Gamescom 2026 – Planted!
PC

Gamescom 2026 – Planted!

Planted! transforme le potager en party game compétitif où récoltes, sabotage et coups bas s’enchaînent à plusieurs.

Planted! est un party game de combat horticole développé par Cloth Cat Games et édité par Curveball Games. Le principe tient en trois actions très simples : semer, faire pousser et lancer sa récolte dans les objectifs pour marquer des points, tout en essayant de gêner les autres joueurs. Le jeu est prévu en 2026 sur PC, PlayStation 5, Xbox Series X|S et Nintendo Switch, avec du jeu local, en ligne, du cross-play et la possibilité d’utiliser des bots. Une campagne solo est aussi prévue.

À la gamescom, j’ai pu découvrir la boucle de jeu directement en écran partagé. La démo commençait dans les allotments, une arène pensée comme un tutoriel en roue libre.
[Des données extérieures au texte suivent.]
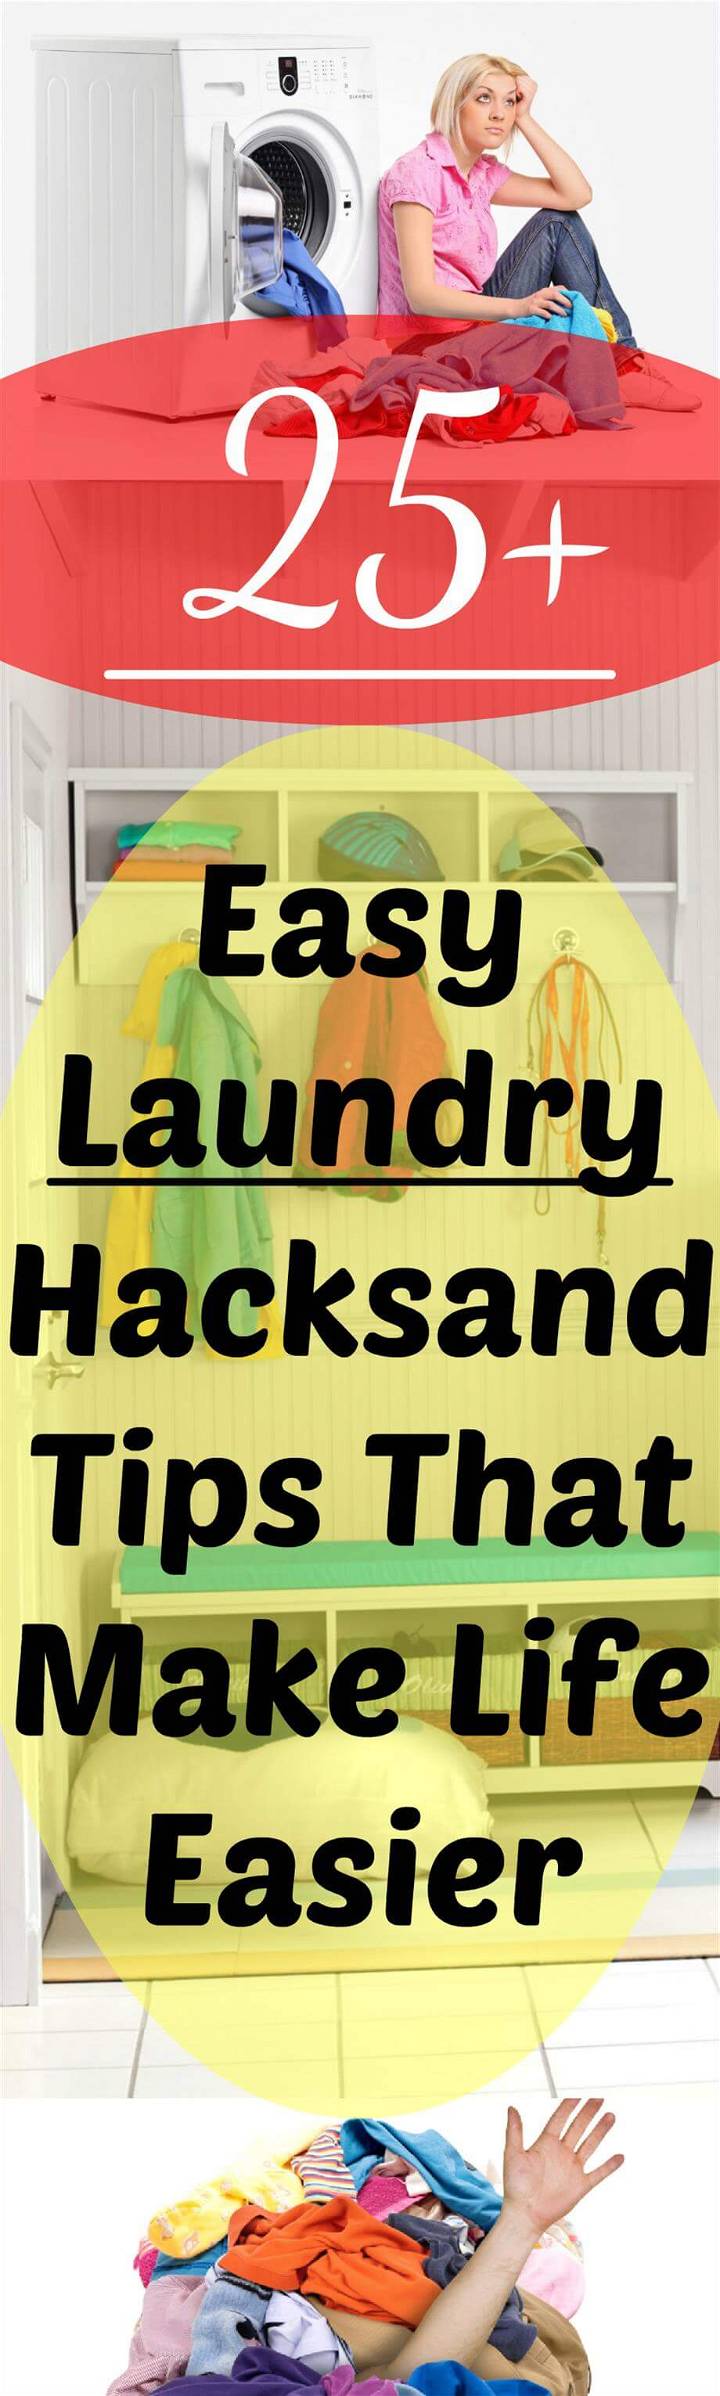 Laundry Hacks and Tips

Chacun récupère sa parcelle, reconnaissable à sa couleur, puis attend les sacs de graines qui tombent dans l’arène. Il faut planter, trouver de l’eau, arroser, attendre que les légumes commencent à bondir pour signaler qu’ils sont prêts, puis les récolter et les lancer dans la zone de vente pour marquer des points.

La base se comprend très vite, ce qui est plutôt indispensable quand quatre joueurs commencent à courir dans tous les sens.
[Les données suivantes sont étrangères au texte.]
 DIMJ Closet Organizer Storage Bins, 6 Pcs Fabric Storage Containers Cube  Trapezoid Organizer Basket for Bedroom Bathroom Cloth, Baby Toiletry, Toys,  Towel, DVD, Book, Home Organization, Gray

La partie ne consiste pas pour autant à produire le plus de légumes possible. Chaque arène utilise trois catégories de récoltes avec une valeur faible, moyenne ou élevée. Les graines les plus rentables apparaissent moins souvent, alors que les cultures de faible valeur sont beaucoup plus faciles à obtenir.

L’équipe m’expliquait qu’avec l’habitude, on finit par savoir quelles récoltes poursuivre et à quel moment. Cela ne rend pas les autres inutiles pour autant. Vendre vite beaucoup de légumes moins cher peut très bien compenser une récolte rare, surtout lorsque les mini défis viennent modifier les priorités. Environ toutes les quarante secondes, un type de légume peut être mis à l’honneur et celui qui en vend le plus récupère des points supplémentaires.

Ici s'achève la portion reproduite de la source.